DM Orchestration

DM orchestration modules in engine/dm/ provide the application-facing assistant wiring. This subsystem implements a lightweight agent architecture for a "Dungeon Master copilot" — an LLM-powered assistant that can answer rules questions, evaluate encounters, and provide actionable DM guidance during game sessions.

Components

  • model_gateway.py: model/provider abstraction boundary. Defines a ModelGateway Protocol with a single complete(prompt, *, system) method, plus a concrete OpenAIModelGateway implementation. The protocol pattern allows tests to inject stubs without touching HTTP, and makes it straightforward to add other providers (Anthropic, local models) by implementing the same interface.
  • tool_registry.py: callable tool inventory and dispatch definitions. The ToolRegistry is a name→handler dict where each handler is a Callable[[dict], dict]. Tools are registered imperatively (registry.register("lookup_rule", handler)) rather than declaratively, giving callers full control over which tools are available in a given session.
  • session_orchestrator.py: session lifecycle and orchestration state. The SessionOrchestrator composes a ModelGateway and a ToolRegistry, builds a system prompt that advertises available tools, and routes user input through the model. Currently a single-turn request/response loop — it does not yet implement tool-call parsing or multi-turn agentic execution.
  • tools/: tool implementations such as rules lookup (rules_lookup.py) and encounter balance. Each tool is a standalone function with a dict → dict signature, making tools trivially unit-testable in isolation.

Design Rationale

The DM orchestration layer is deliberately minimal — a thin shell around a model call with an extensible tool registry. This reflects several design choices:

  1. Protocol-based model abstraction — rather than coupling to a specific SDK, the ModelGateway Protocol decouples the orchestration logic from any particular LLM provider. This means the same SessionOrchestrator can run against OpenAI, a local model, or a test stub, with zero code changes in the orchestration layer.
  2. Imperative tool registration — tools are registered at runtime rather than discovered via decorators or metaclasses. This makes the tool set fully deterministic and testable: you construct a ToolRegistry, register exactly the tools you want, and pass it in. No hidden global state.
  3. Single-turn simplicity — the current implementation intentionally avoids multi-turn agentic loops, tool-call parsing, or conversation memory. The run_turn method takes user input and context, builds one prompt, gets one completion, and returns. This keeps the surface area small while the tool and model abstractions stabilize.

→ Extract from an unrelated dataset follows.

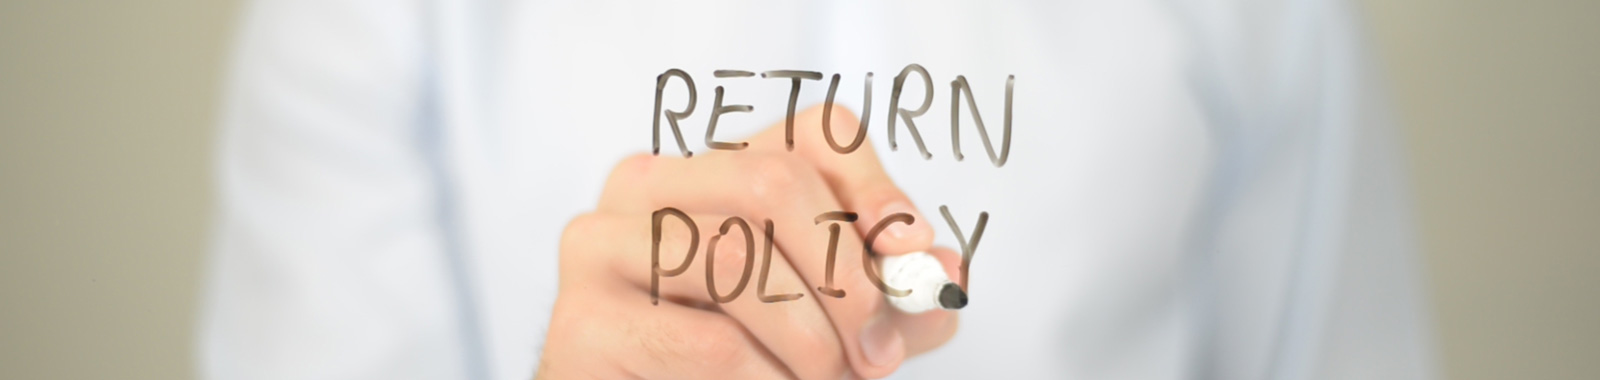 Our Return Policy
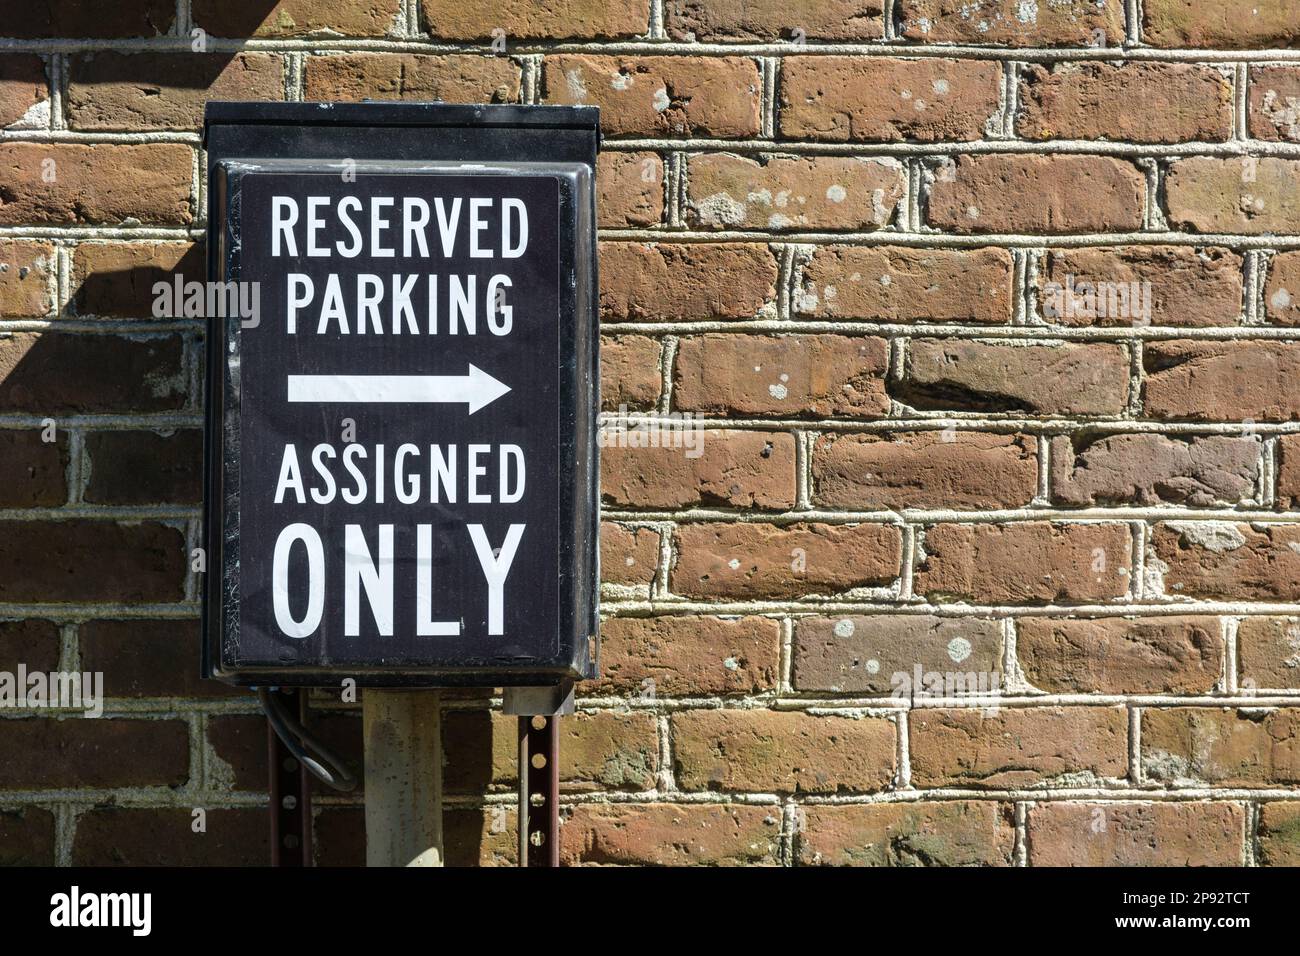 Reserved Parking and Assigned Only sign against a red brick wall Stock Photo

An alternative — adopting a framework like LangChain or building a full ReAct loop — was deferred because the tool set is still small and the primary value is in getting the abstraction boundaries right before adding complexity.

Assumptions & Constraints

  • Stateless turns. The orchestrator does not maintain conversation history. Each call to run_turn is independent. Session continuity (if needed) must be managed by the caller, passing relevant context via the context dict.
  • Tools are not yet invoked automatically. The orchestrator advertises tool names in the system prompt but does not parse the model's output to detect tool-call requests. Tool execution is a planned extension, not a current capability.
  • Placeholder model wiring. OpenAIModelGateway.complete() currently returns a truncated echo of the prompt rather than making a real API call. This is flagged as a placeholder in the source — production wiring requires injecting an actual OpenAI client via client_factory.
  • No authentication or rate limiting. The orchestration layer assumes a trusted caller. Access control and usage limits are expected to be handled at the API route level in Server.
  • Mem0 as memory backend. The prototype memory layer will use Mem0 through an adapter boundary. App-db should still store raw turns and memory-operation audit rows so campaign history is inspectable.
  • Deterministic combat boundary. Combat legality and resolution belong in engine code. The model can propose structured NPC moves, but the engine validates and applies all state changes.

Conceptual Model

The DM orchestration subsystem follows a classic gateway + tools + orchestrator pattern:

User input + context
        ↓
SessionOrchestrator
   ├── builds prompt (system prompt + tool list + context + input)
   ├── calls ModelGateway.complete()
   └── returns response dict
        ↓
API route (in server/)

The ToolRegistry is injected but not yet invoked in the main loop — it currently serves only to populate the tool list in the prompt. The planned extension is straightforward: parse the model response for tool-call markers, dispatch through ToolRegistry.run(), and feed results back into a follow-up completion.

The key boundary is between orchestration (which knows about turns, prompts, and tool dispatch) and tools (which know about domain logic like rules lookup). Tools never see the model or the session — they receive a payload dict and return a result dict. This keeps tools portable and testable without any orchestration infrastructure.